──────── DATA BLOCK ────────
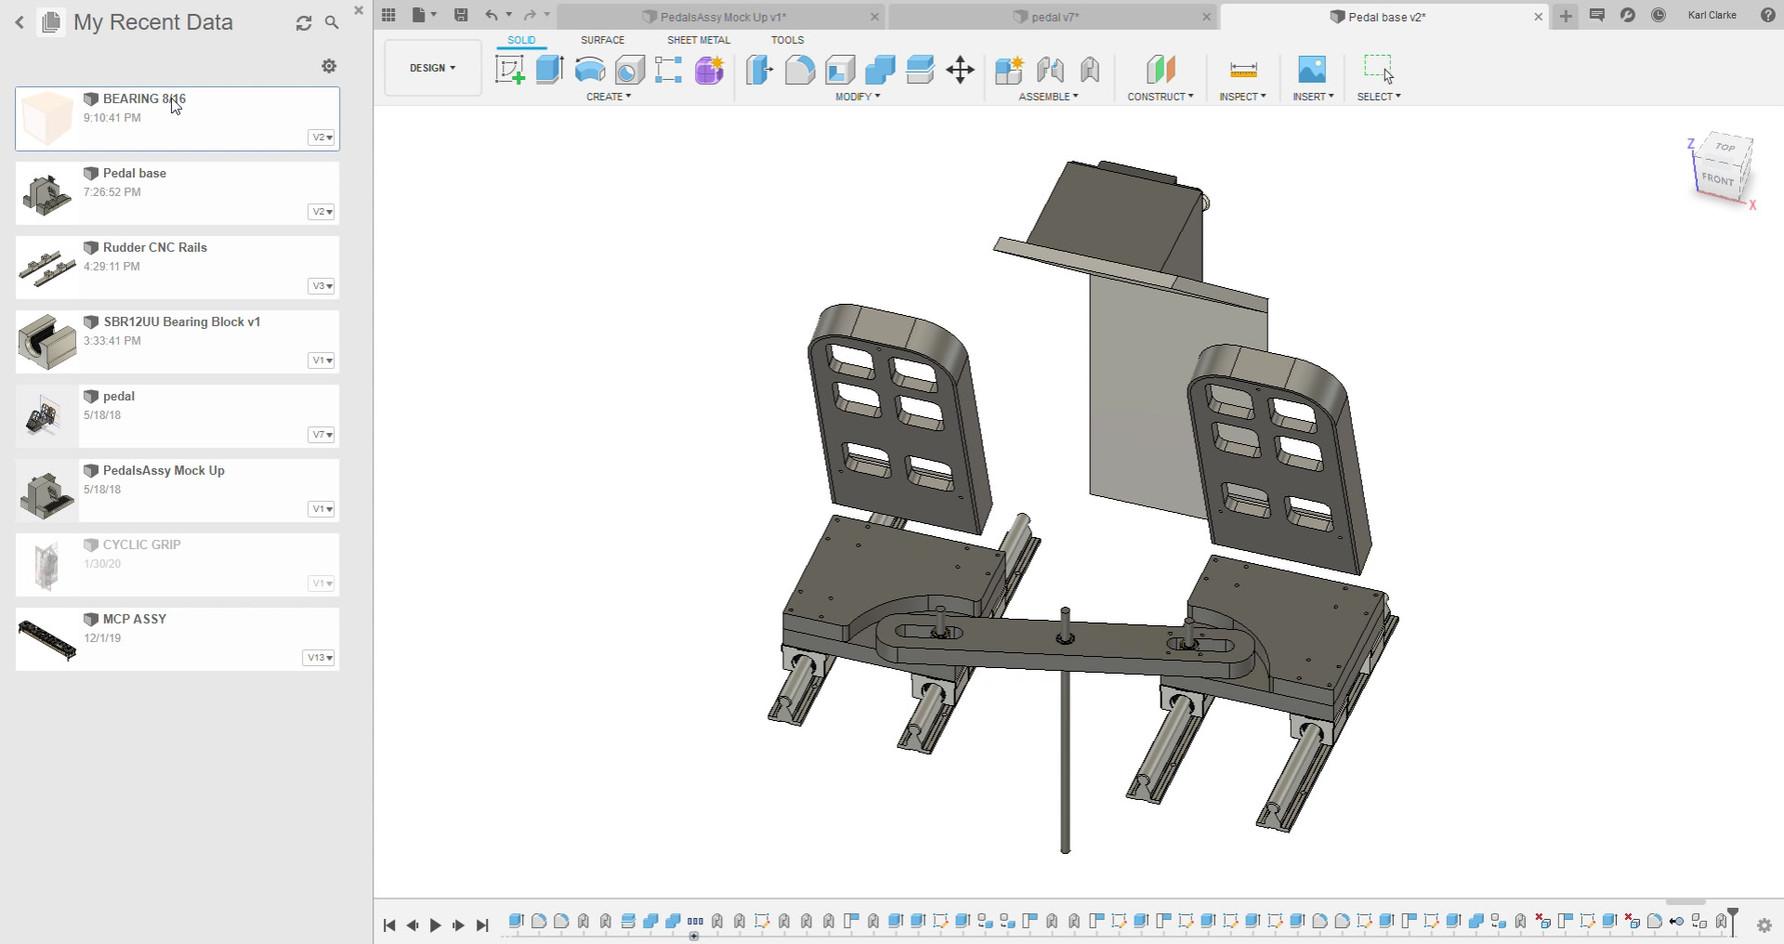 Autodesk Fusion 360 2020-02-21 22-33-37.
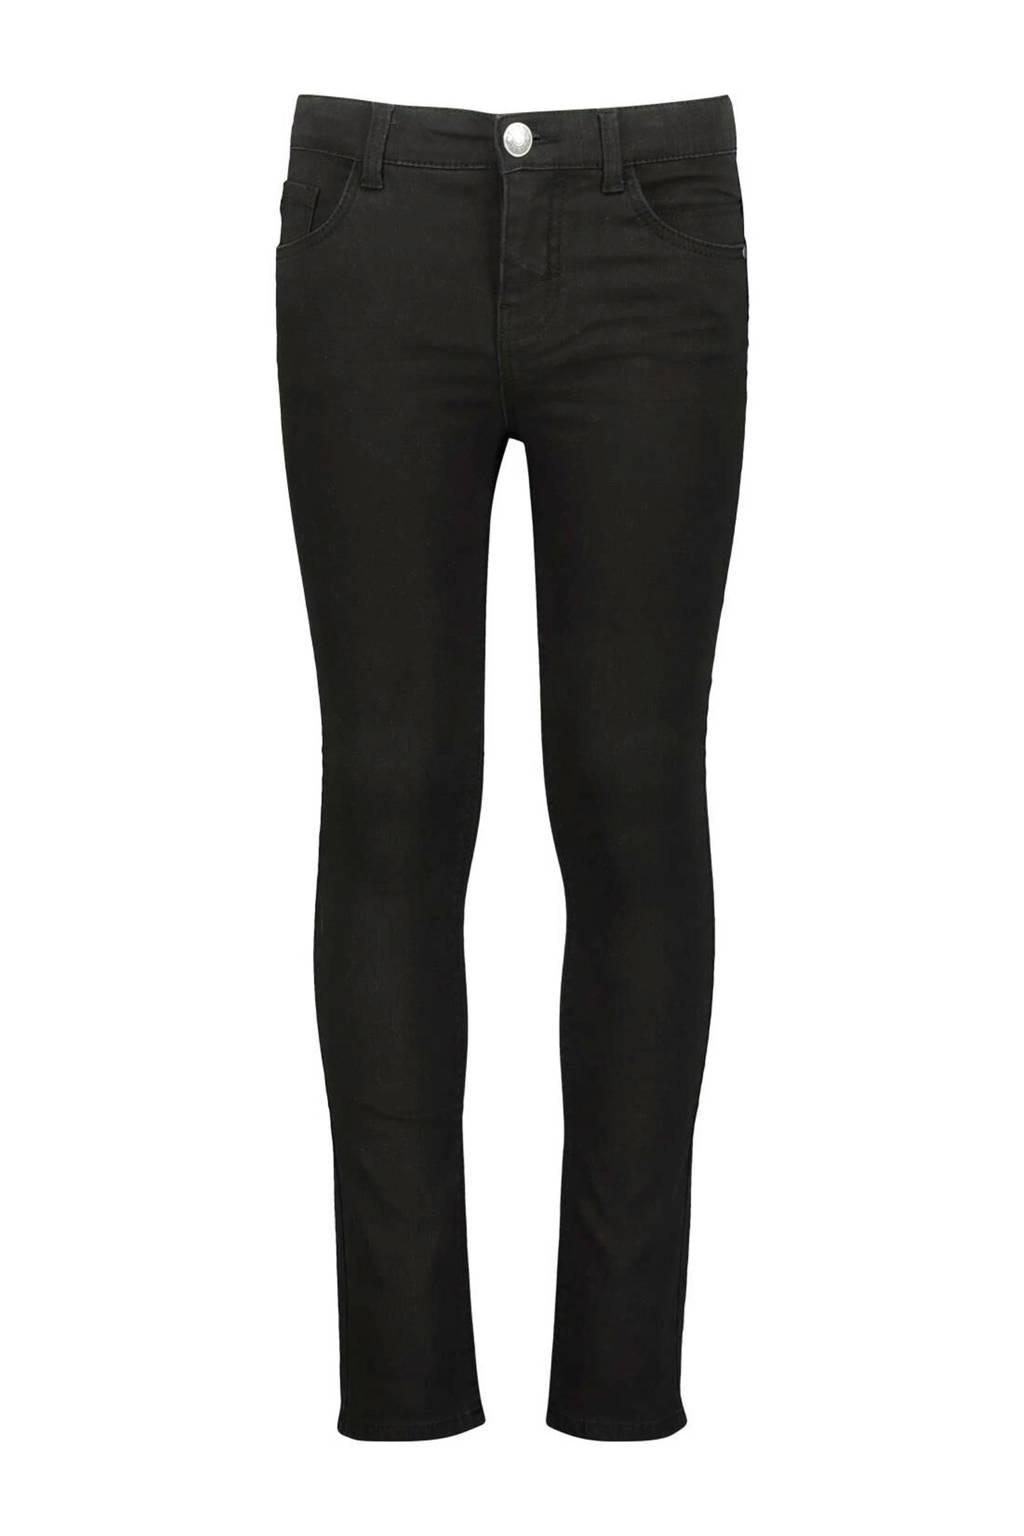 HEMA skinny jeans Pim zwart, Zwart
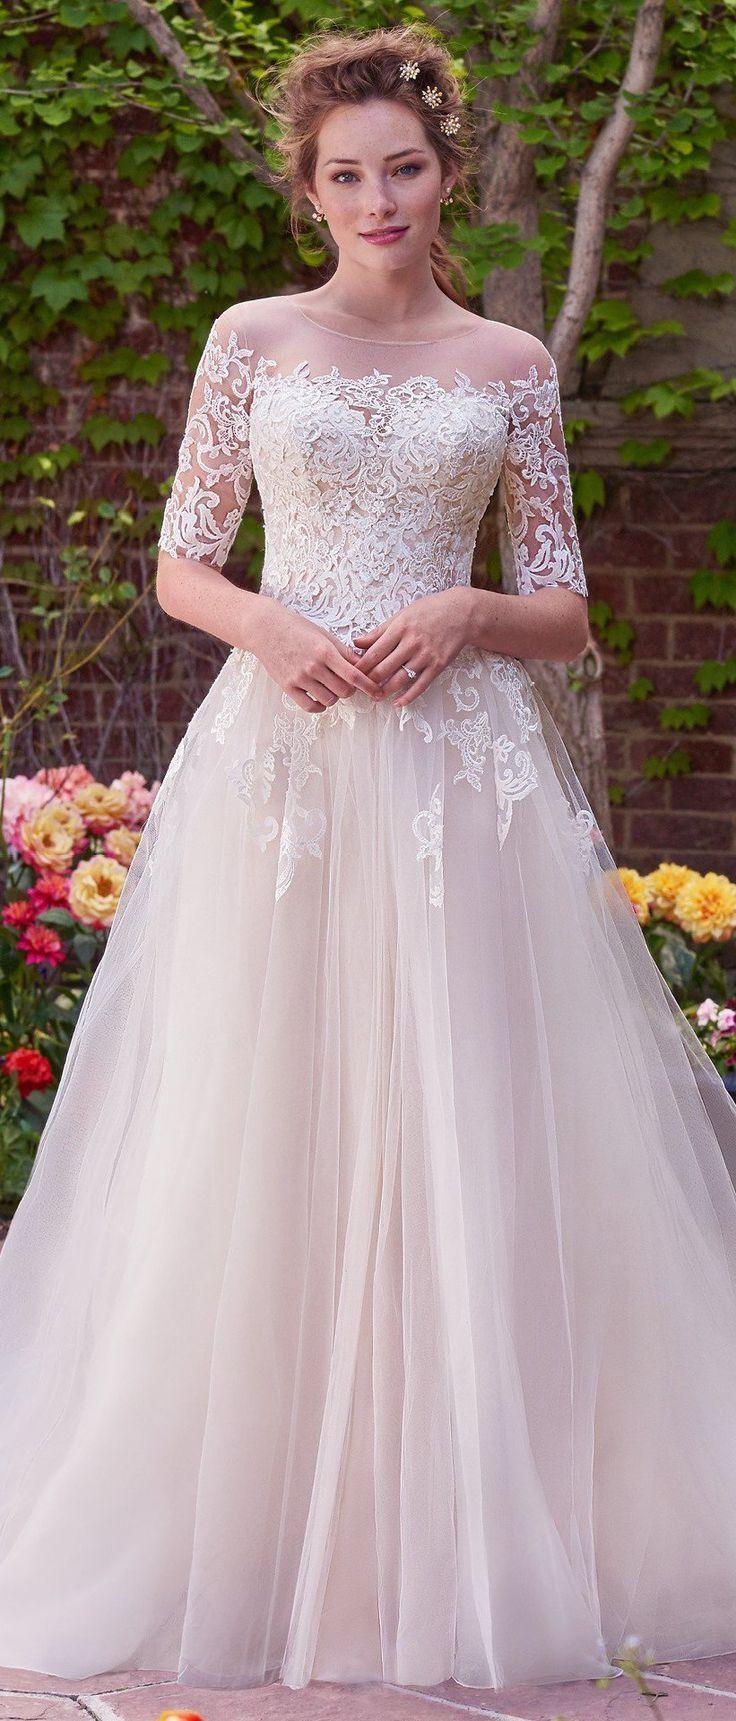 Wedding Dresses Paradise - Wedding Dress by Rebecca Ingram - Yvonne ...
────────
■ WHAT NEEDS TO BE DONE
All of the material above should be reproduced exactly, except the pictures.

■ TASK ANSWER
 Autodesk Fusion 360 2020-02-21 22-33-37.
 HEMA skinny jeans Pim zwart, Zwart
 Wedding Dresses Paradise - Wedding Dress by Rebecca Ingram - Yvonne ...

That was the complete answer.